Setting problem management as a separate practice creates a challenge where the problem team becomes a bottleneck or focuses on the wrong things, like problems from external vendors that they have no control over. Root causes are often not investigated until long after the incident has happened.
In many cases, your team may benefit from integrating incident management and problem management practices. This is a proactive approach that allows you to understand what led to the incident at the same time you work to resolve it. For example, resolving an incident in software requires identifying poor code (the cause), and then developing replacement code to avoid further incidents (the fix).
Weaving problems and incidents together means when teams aren’t in response mode they can look to problems that are most impacting service and performance quality and get ahead, to prevent future incidents.
Problem management tips
Avoid relying on reactive, root-cause analysis
There is rarely just one root cause behind an incident or problem.

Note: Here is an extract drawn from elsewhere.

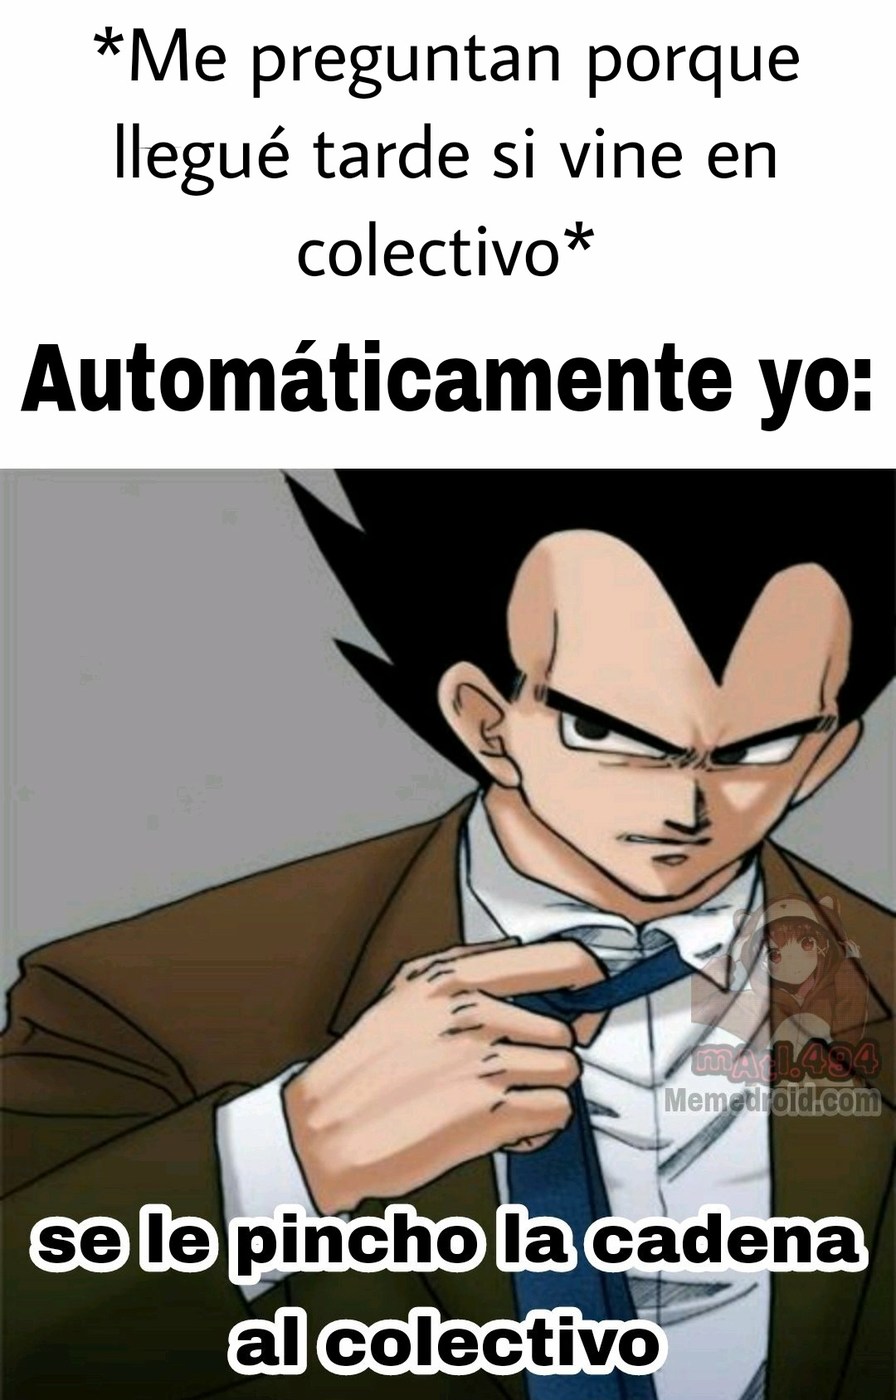 Vuelvo a hacer memes?

The best teams holistically consider all potential contributing factors and practice blameless analysis.
Encourage an open environment where problems are shared
Problem and incident analysis should be an open conversation where team members are encouraged to share the facts without fear of punishment or retribution.
Focus on critical services
Prioritize addressing the problems affecting the services that deliver the most value to the organization.
Ask questions and use the ‘5 whys’
Many teams find success using the “5 Whys” technique Taiichi Ohno, the architect of the Toyota Production System. Check out the Atlassian Team Playbook play to learn more.
Spread the knowledge
Open teams share knowledge and insights that their colleagues and adjacent teams can learn from.
Become a learning organization
Effective problem management isn’t something with an end date. Even the best-performing organizations have incidents. The true world-class teams are the ones who constantly iterate on their process, improve it, and lessen the impact of problems on their colleagues and customers.
It’s important to develop a clear and standardized way to stay on top of follow-up actions. Since you should always be practicing problem management, it’s important to use ITSM software that will enable your team to prioritize tasks, track progress, and help associate incident issues with problems.
Incidents are often described as an unplanned investment in the future reliability of your service. Effective problem management delivers valuable service improvements while identifying and eliminating the driving forces behind incidents.